Data for this exercise >>

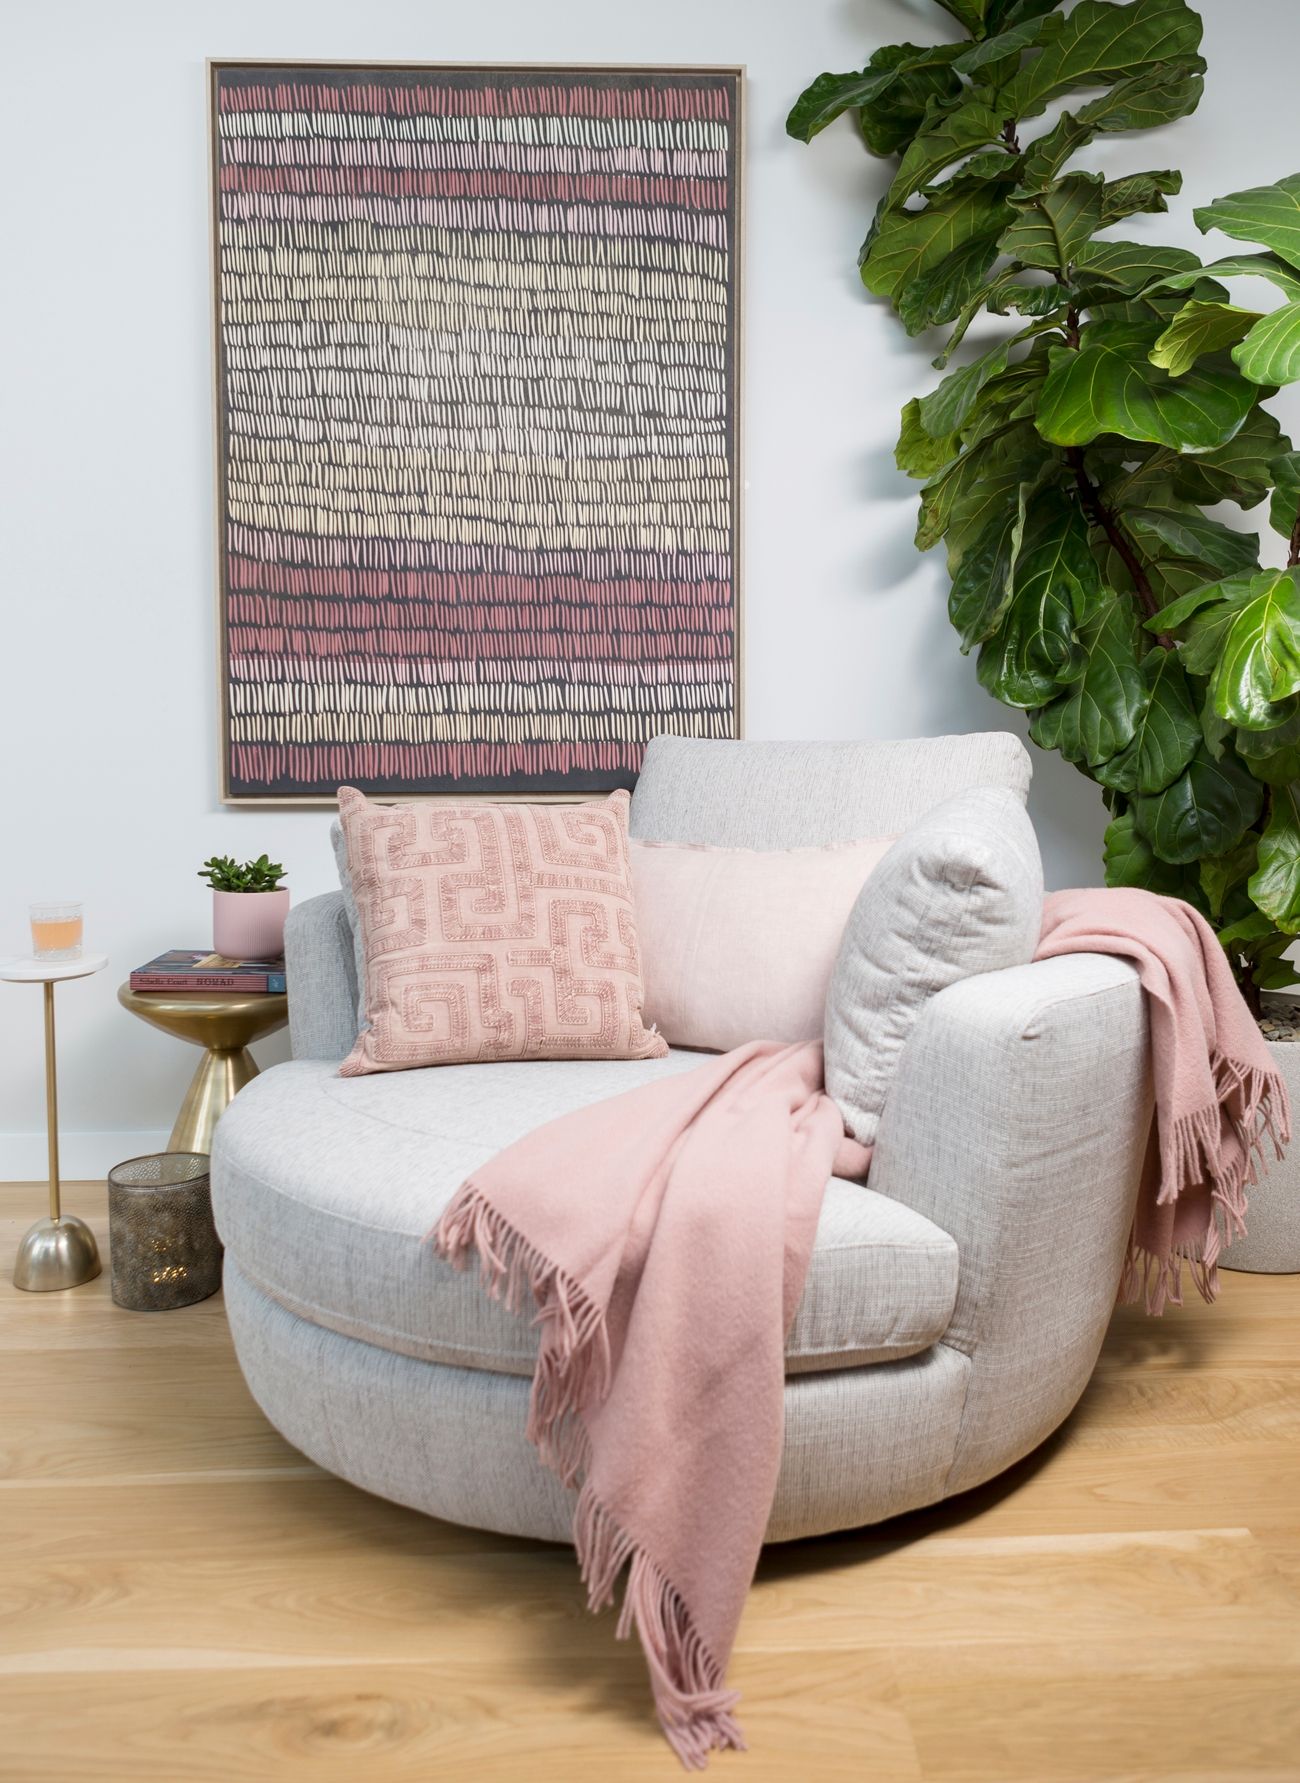 Choosing the Perfect Sofa Chair for Your
Bedroom
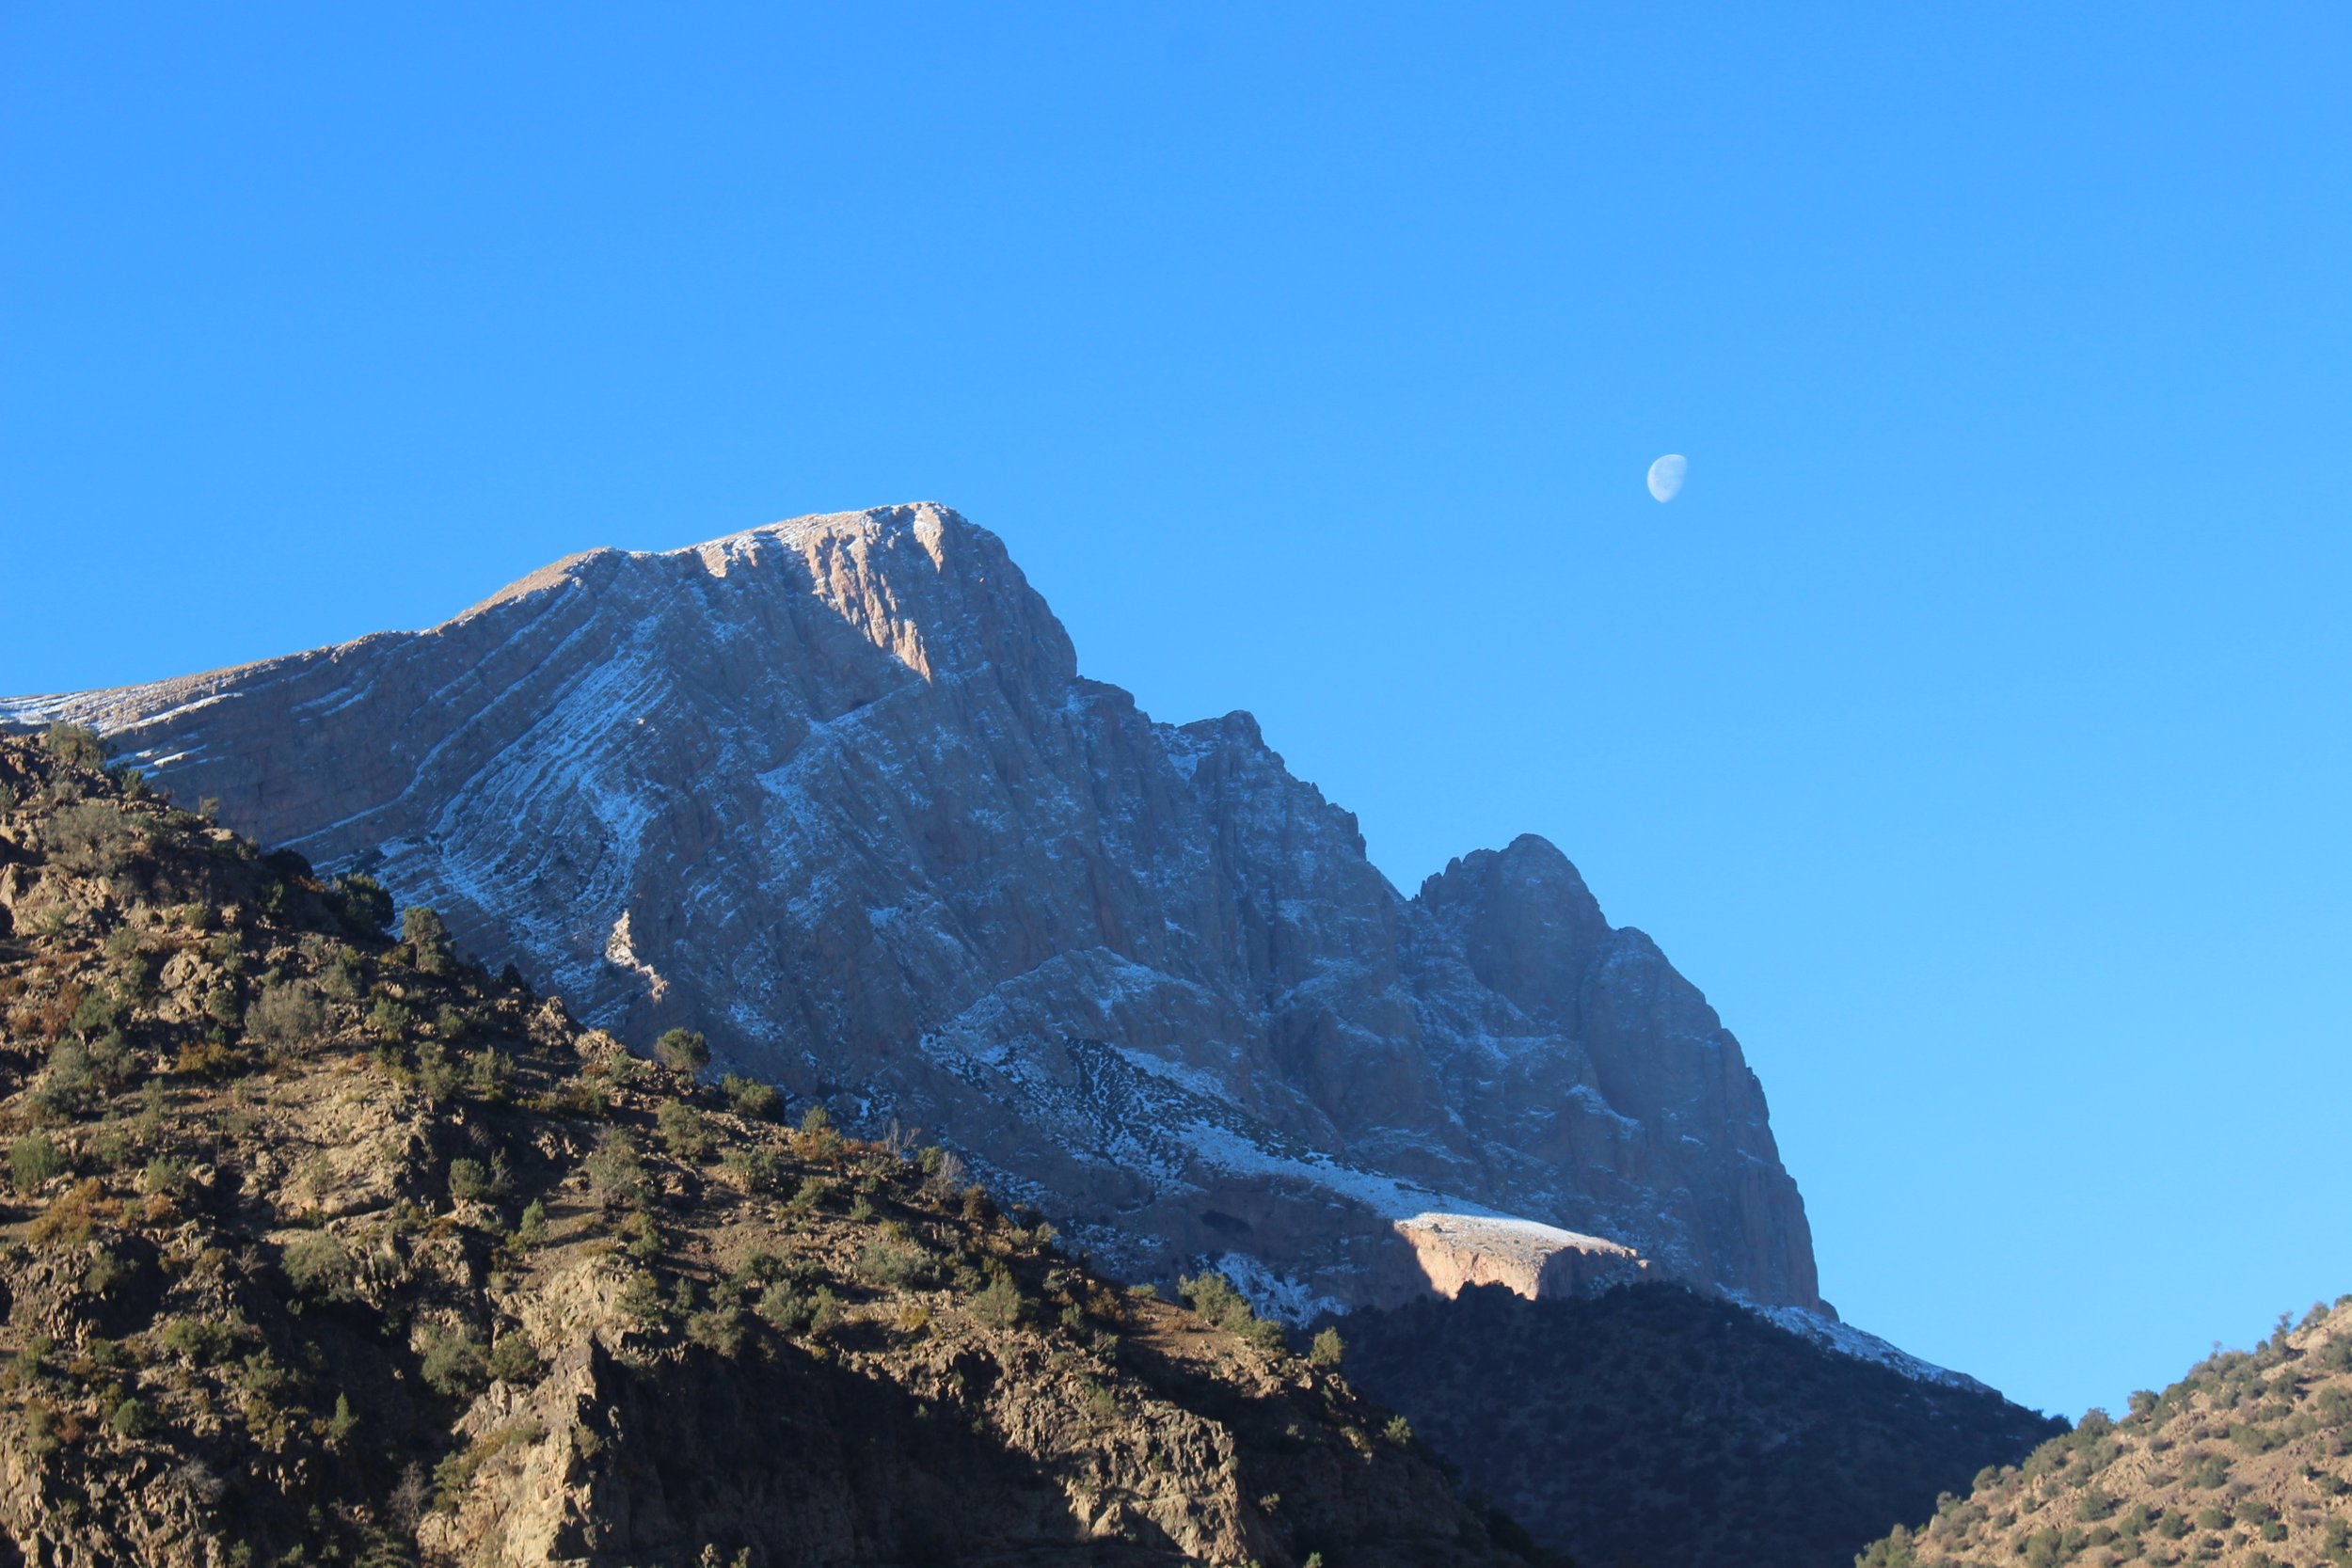   Although it was cold standing outside, in the mornings you can catch a warm view of the mountains with the moon joining in on the photo.  Photo credit: Baldwin, 2023. 
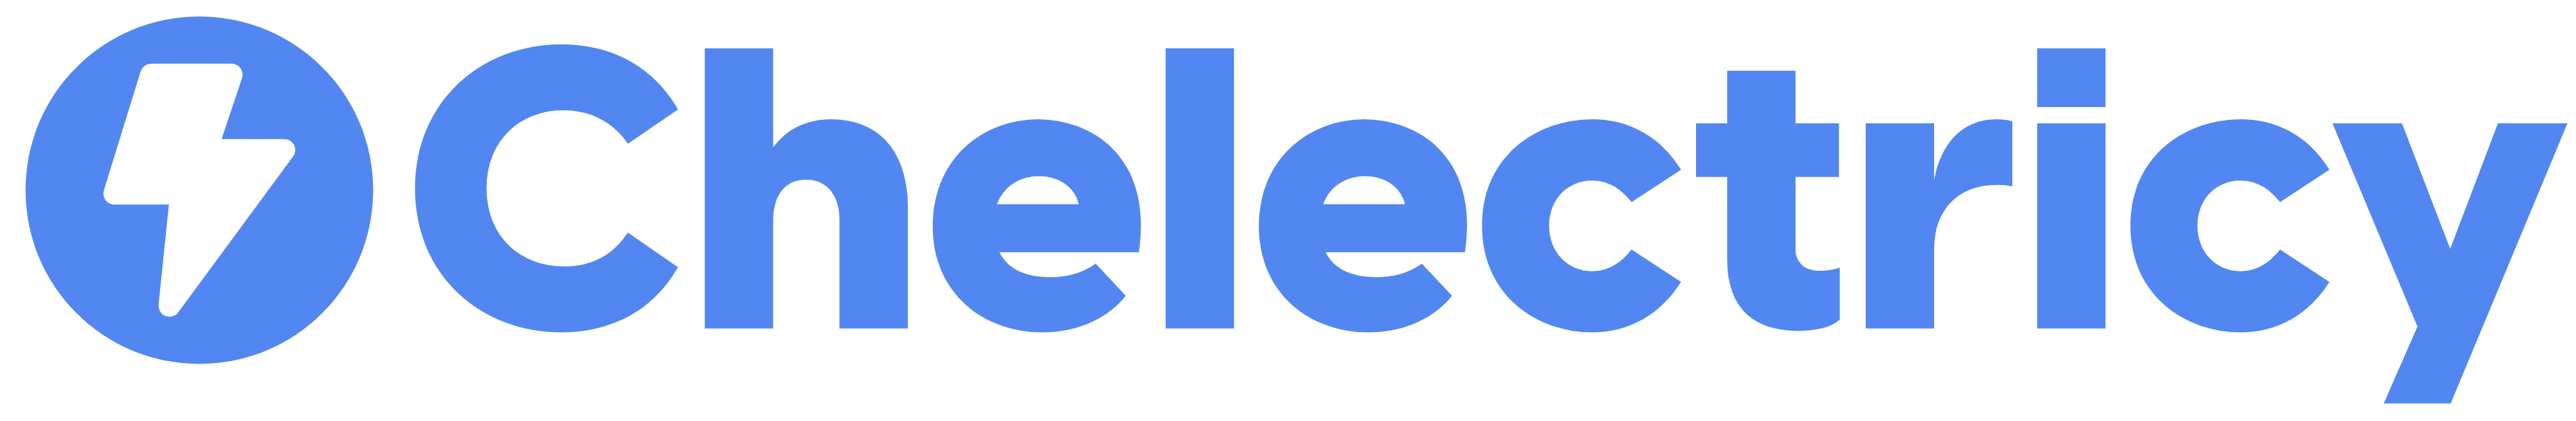 Chelectricy
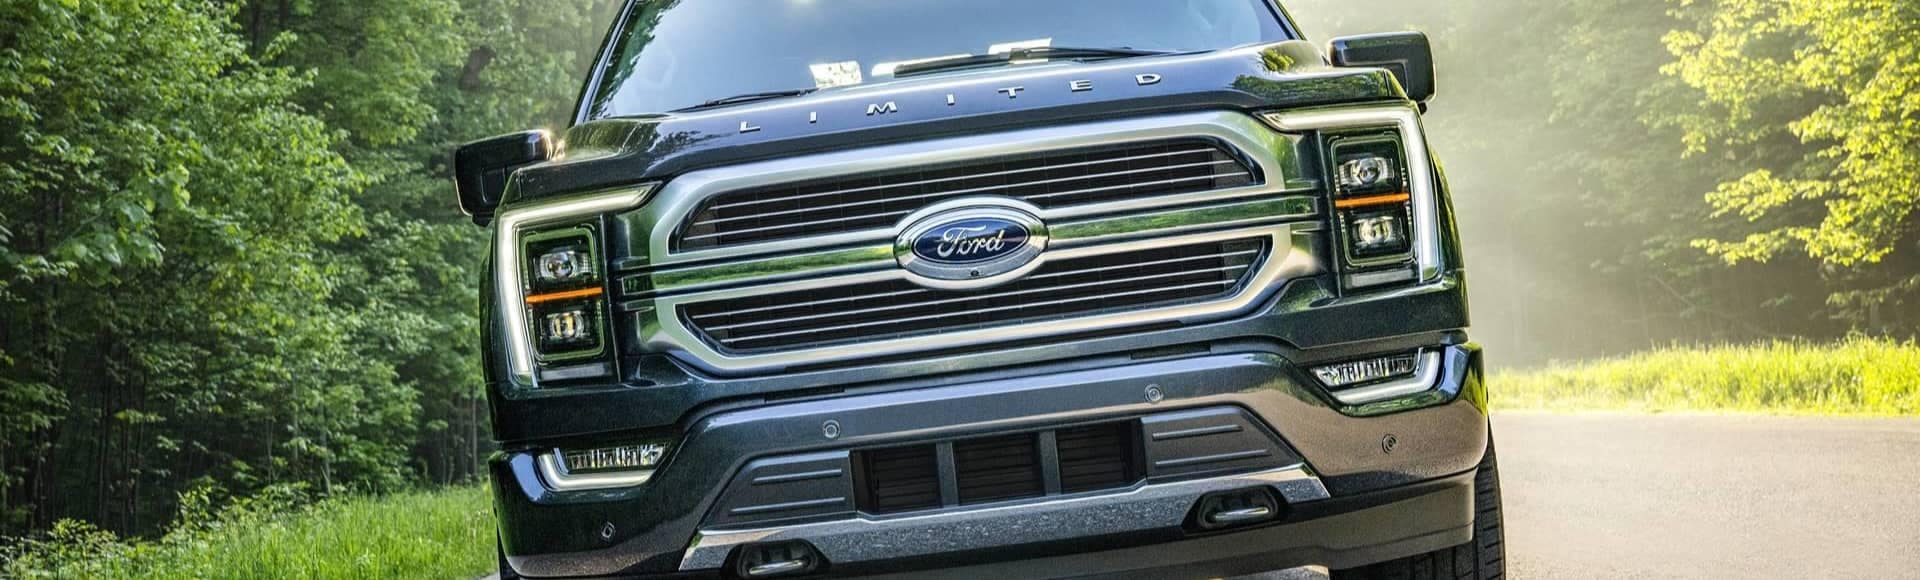 Ford truck front with grill.
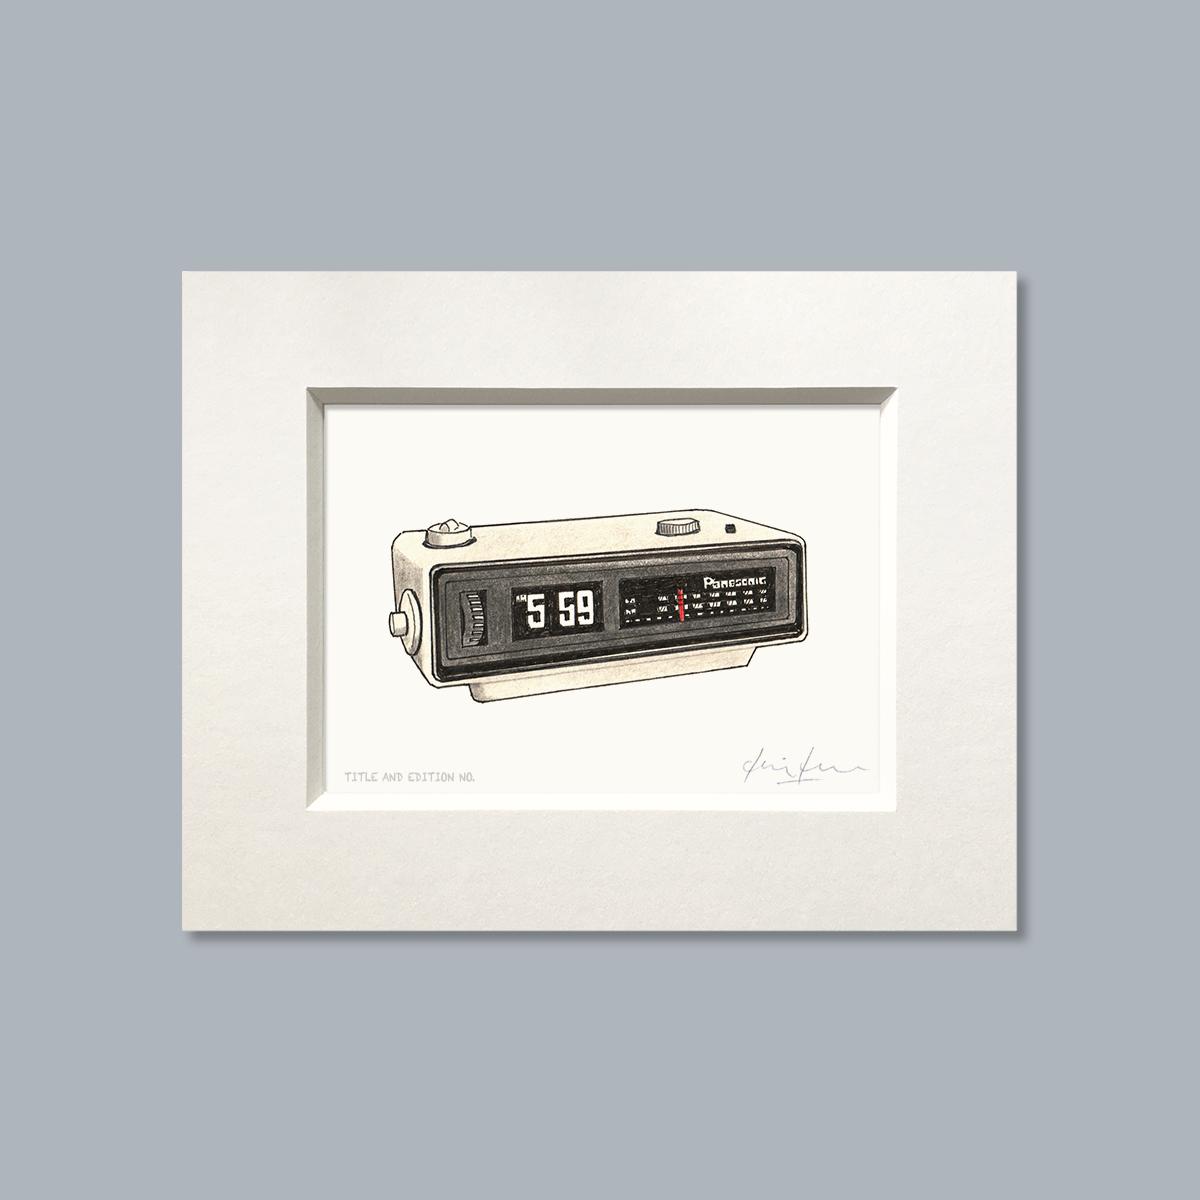 Limited edition print from a pen, ink and coloured pencil drawing of the alarm radio from the film Groundhog Day in a white mount

What to work on >> All of the lines above should be retyped precisely, apart from the pictures.

Your response >>
 Choosing the Perfect Sofa Chair for Your
Bedroom
   Although it was cold standing outside, in the mornings you can catch a warm view of the mountains with the moon joining in on the photo.  Photo credit: Baldwin, 2023. 
 Chelectricy
 Ford truck front with grill.
 Limited edition print from a pen, ink and coloured pencil drawing of the alarm radio from the film Groundhog Day in a white mount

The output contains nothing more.